Personal information
- Born: July 15, 1994 (age 32) Honolulu, Hawaii
- Listed height: 5 ft 8 in (1.73 m)
- Listed weight: 165 lb (75 kg)

Career information
- High school: Saint Paul Christian School, Guam
- College: Eastern University
- NBA draft: 2015: undrafted
- Playing career: 2015–2022
- Position: Point guard

Career history
- 2015–2016: Akita Northern Happinets
- 2016: Tokyo Cinq Rêves
- 2017: Five Arrows
- 2019–2021: Saitama Broncos
- 2021–2022: Yamaguchi Patriots

= Morgan Hikaru Aiken =

Japanese-American basketball player

Morgan Hikaru Aiken 加藤 ひかる (born July 15, 1994) is a former Japanese-American professional basketball player from Guam in the B.League. Aiken is the first Guam high school graduate to sign a professional contract to play basketball overseas.

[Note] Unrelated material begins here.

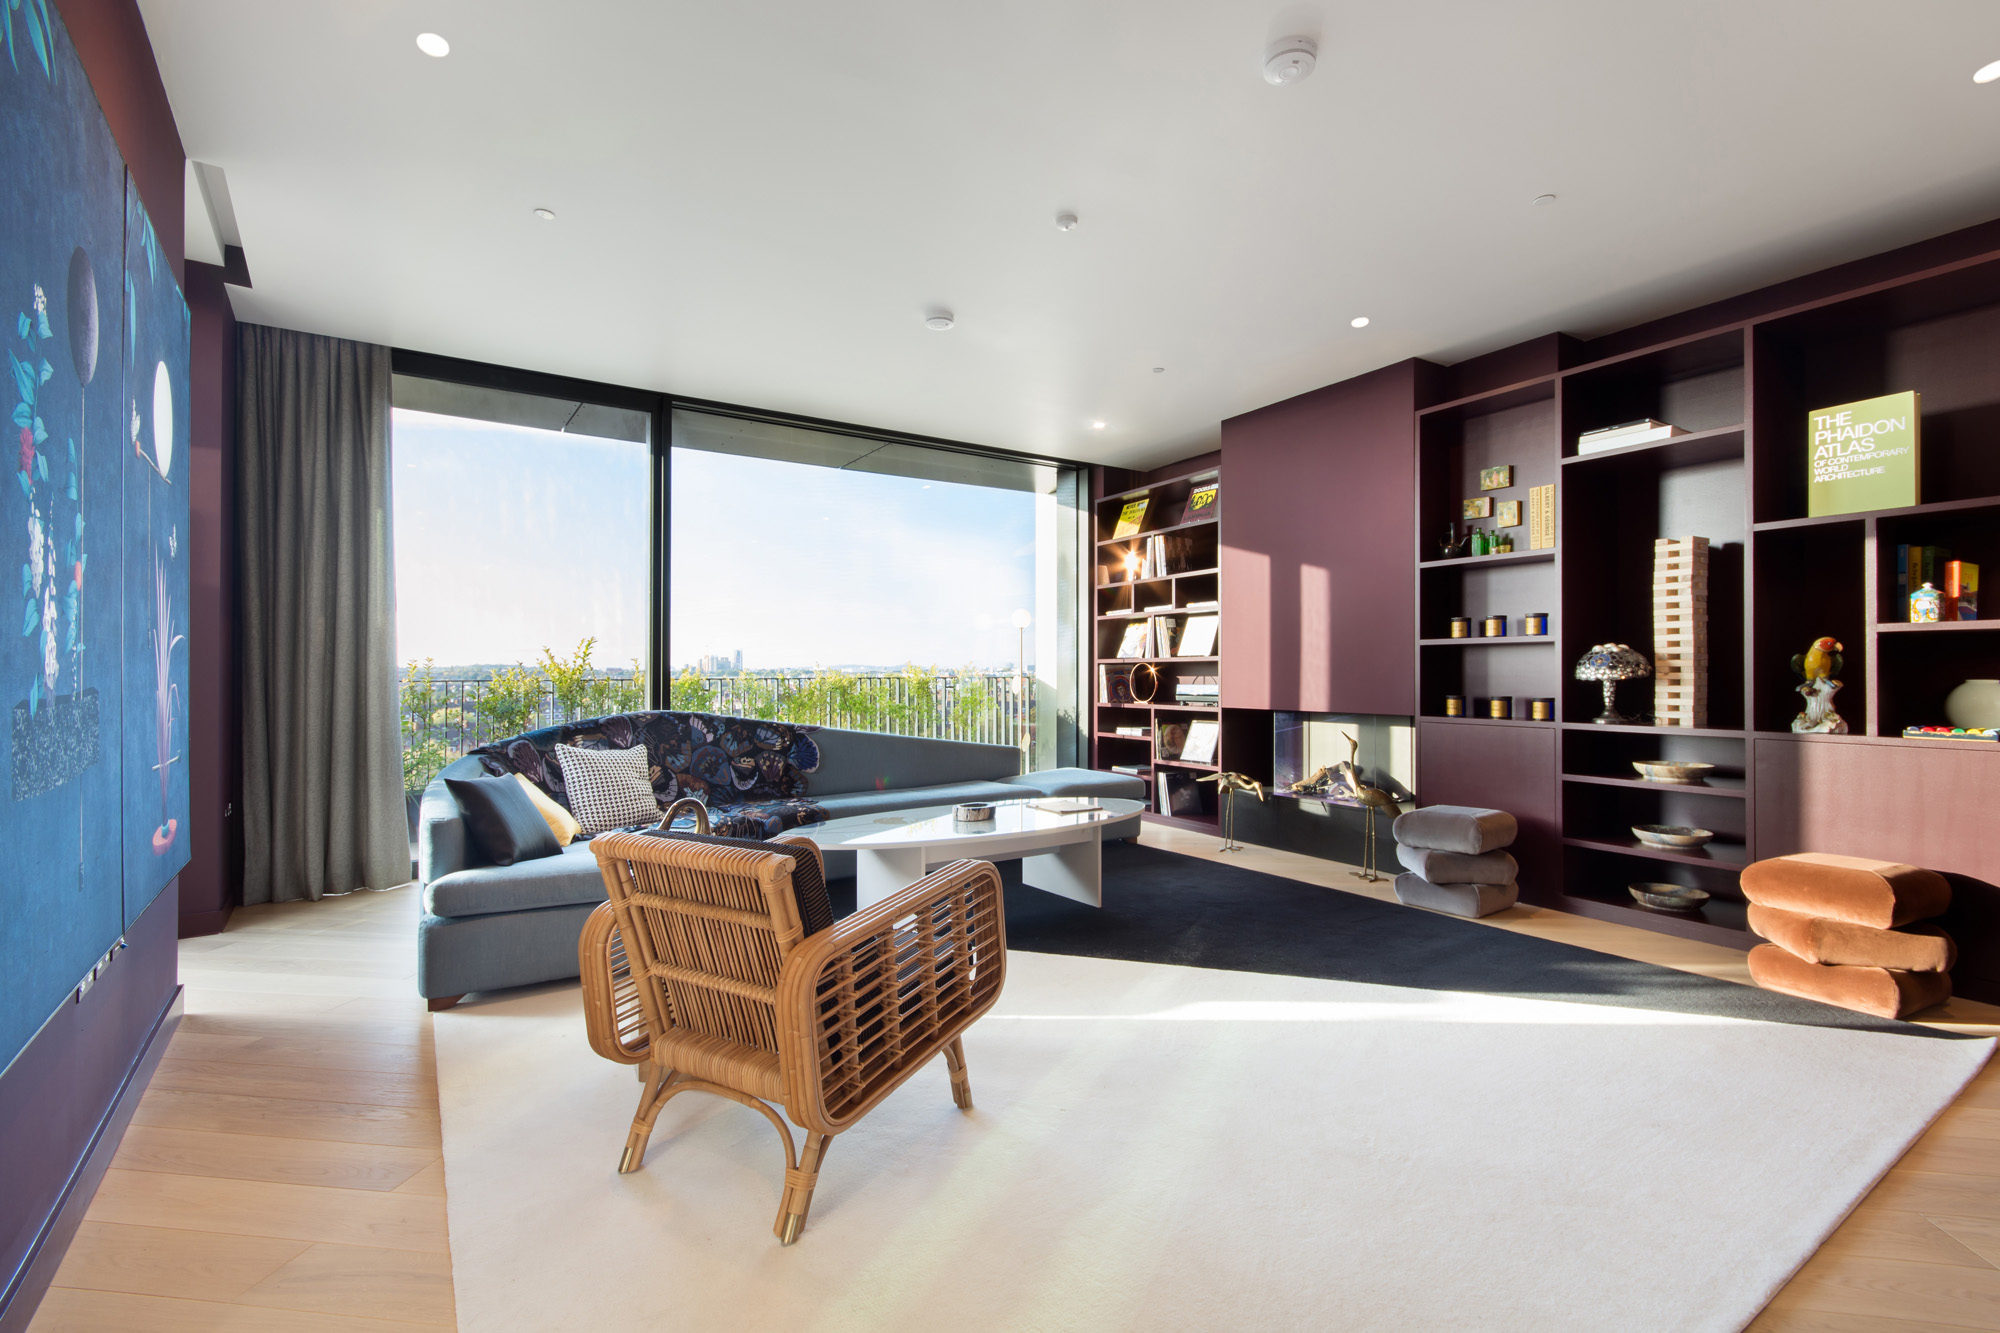 For Sale: BBC Television Centre luxury penthouse apartment in Shepherd's Bush W12
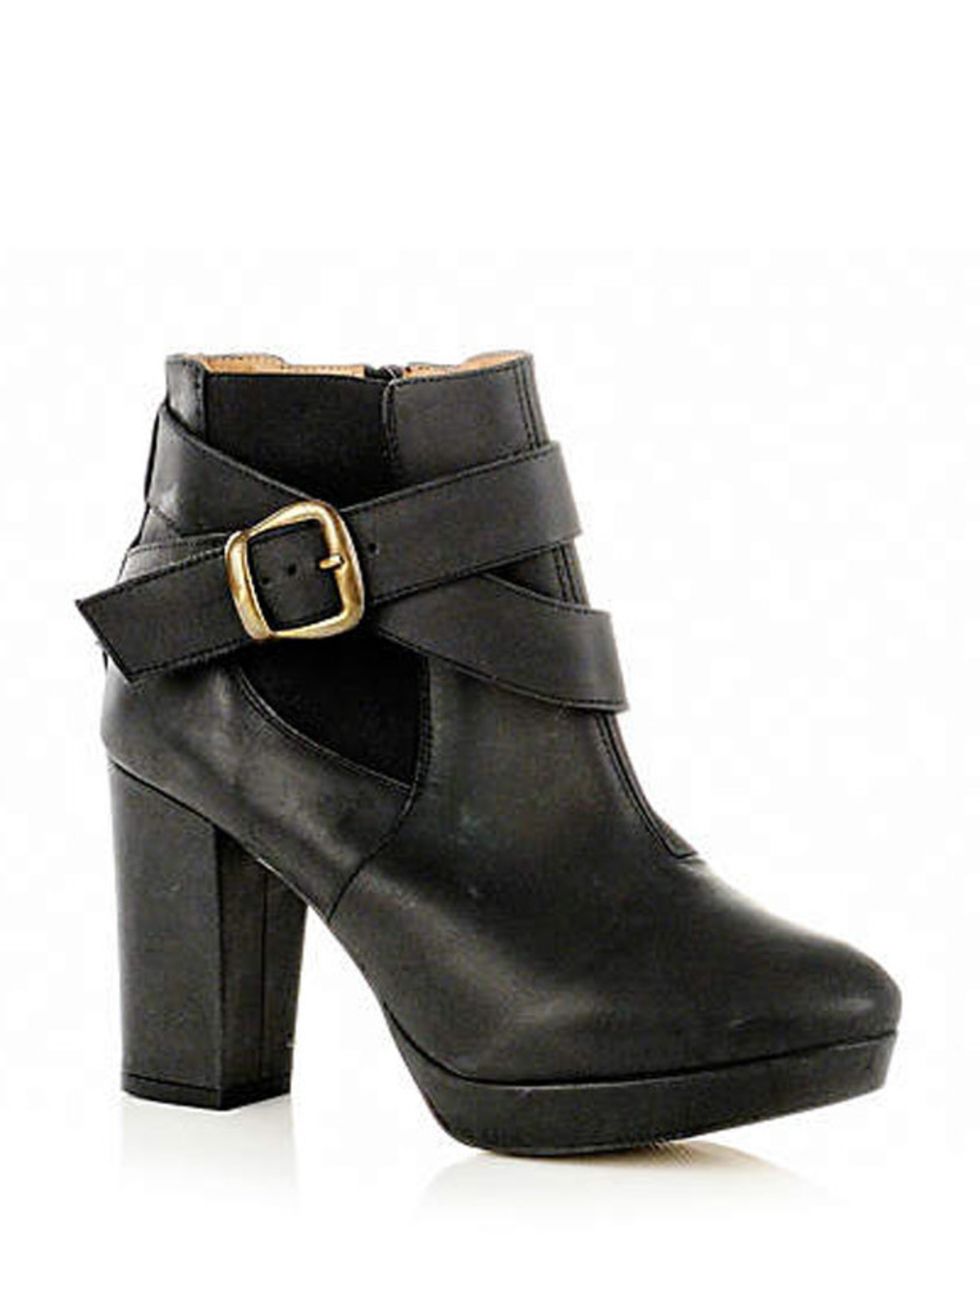 <p><a href="http://www.riverisland.com/Online/women/shoes--boots/ankle-boots/black-strap-ankle-boots-615172">River Island</a> black ankle boots, £75</p>

Aiken is the first player from Guam to play in the professional Japan Basketball League. Born in Hawaii, he attended high school in Guam, and played NCAA college basketball for Eastern University. Transferred to the University of Texas at El Paso the following year for an opportunity to walk on. However, was ineligible due to lack of credits. Aiken is a part of the Guam national basketball team winning the gold medal at the 2014 Micronesian Games. Also was sponsored by BoingVert and Adidas Japan after gaining popularity on Instagram and YouTube from posting dunking videos at 5'7.

==High school==
Aiken was the only sophomore in 2010 to make the All-Island team (second team) in the Guam IIAAG High School League. In 2011 as a Junior, Aiken won the State Championship, was honored First Team All-Island, and also came in 2nd in the Slam Dunk Contest held at the Far East Tournament in Japan.
Although projected to be the MVP of the league after his outstanding junior year, Aiken fractured his left foot 2 weeks prior to the start of his senior season. Playing only half the season, he still managed to be named to the Second Team All-Island. In 2012, Aiken graduated from Saint Paul Christian School. Following his graduation, he committed to Eastern University in Pennsylvania.

==Professional career==
In 2015, Aiken signed a contract with the Akita Northern Happinets via an early entry process and began practicing with the team. However, with complications with the process, he signed with the Tokyo Cinq Rêves for the remainder of the season. The following season, Aiken signed with the Kagawa Five Arrows.

In 2021, Aiken signed with the Yamaguchi Patriots and was voted team captain by the organization, staff, and players. Aiken finished the season with almost a 4 to 1 assist-to-turnover ratio. Although offered a contract for the 2022–23 season, he chose to retire and move back to Guam.